Belief, Hypocrisy and Reason was the theme for our Global festival in September 2020. In the current issue of IAI News we are developing the theme and identifying the most persistent hypocrisies of the current time and asking whether belief and reason can rescue us from the chaos.
Reason has been at the centre of Western thought for centuries; relying on evidence and logic and striving for objectivity. But, in our post-truth age, we collect beliefs on a whim or as part of a tribe. Many are happy to hold contradictory views to suit temporary desires.
Is this a dangerous approach which threatens the coherence of our views and the stability of society as whole? Can we reassert reason to build a better society? Or is the enlightenment at an end, and, with it, a privileged class who defined logic to suit its world-view?
Think of some Western leaders in early 2020, greeting patients and calling on the exceptional character of their nations to defeat Covid-19. This was not exceptionalism, argues Lisa Bortolotti, but simple hypocrisy.

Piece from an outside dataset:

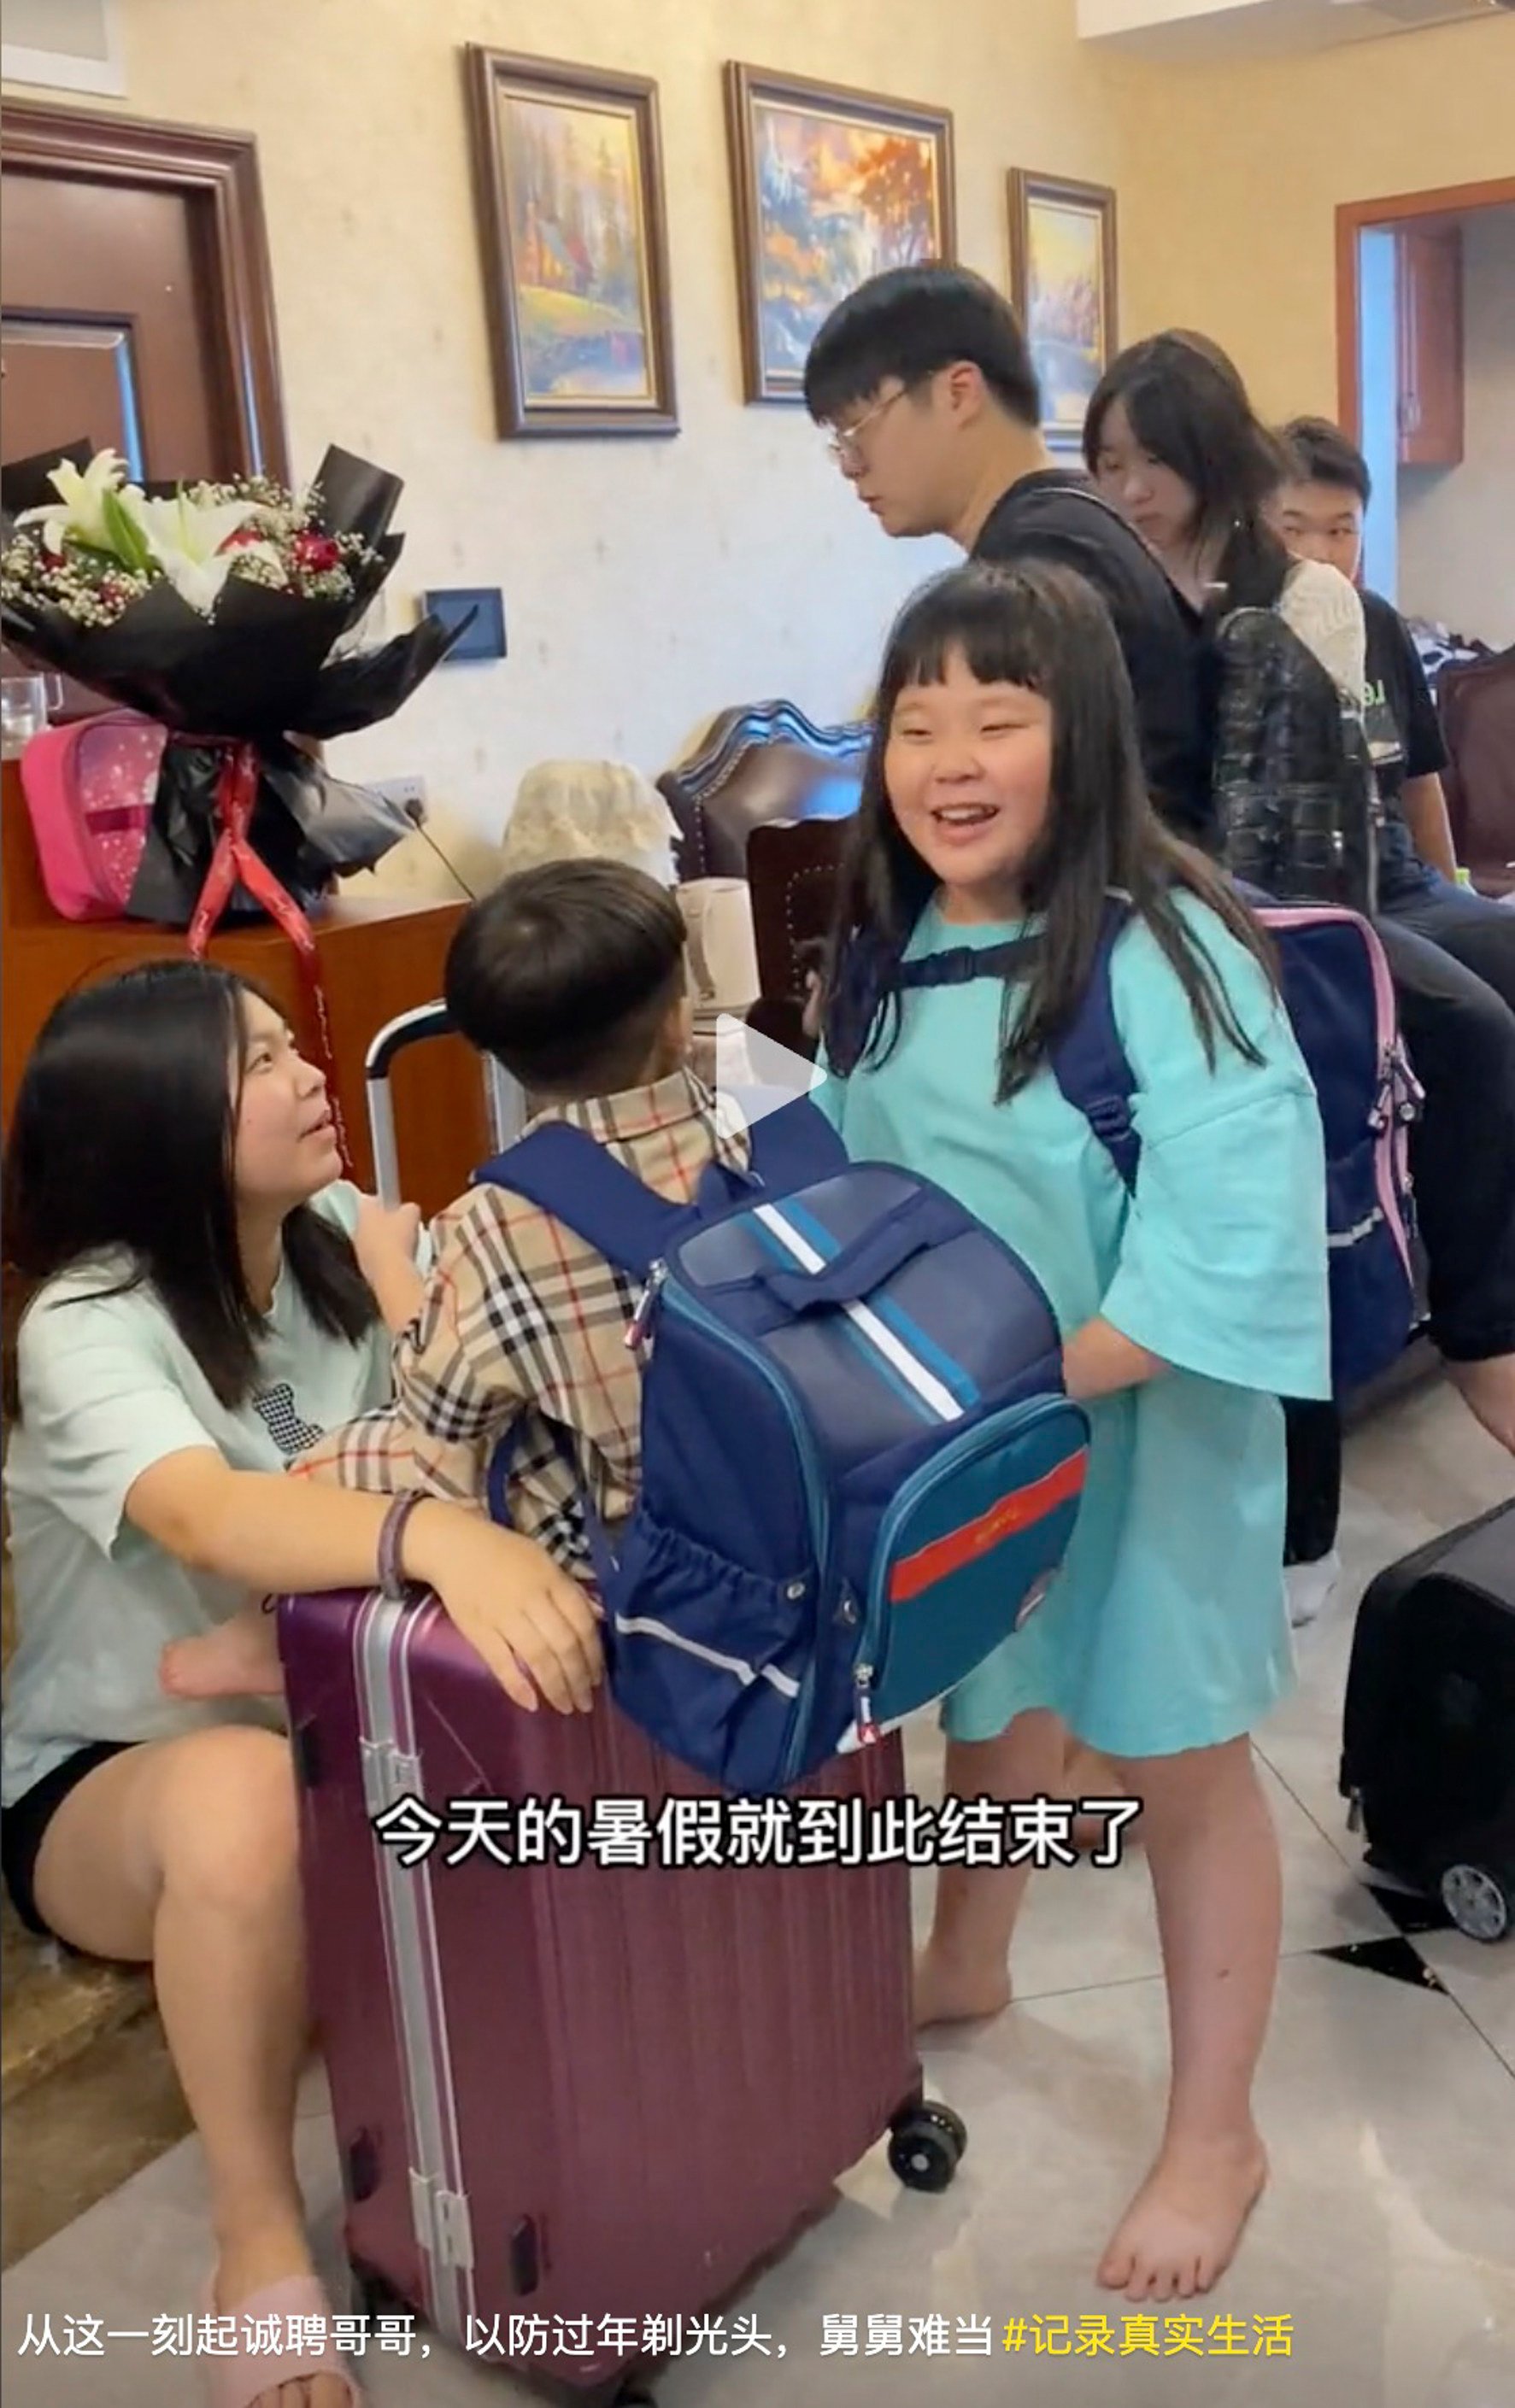 “My sad summer vacation finally comes to an end. I spent 60,000 yuan (US$8,800) on these kids,” Gong captioned one of the videos. Photo: Weibo

Without reason we can take the moral high ground while acting in immoral ways argues Kishore Mahbubani. Western morality is an industry, he maintains, rolled out in political pledges, university papers and think tank studies, while the USA’s use of torture persists, undermining it all. Reason force us to see realities we would rather ignore: Most Indians happily believe that caste has disappeared but Ashwini Deshpande uncovers a neo-caste system, subsisting in the data.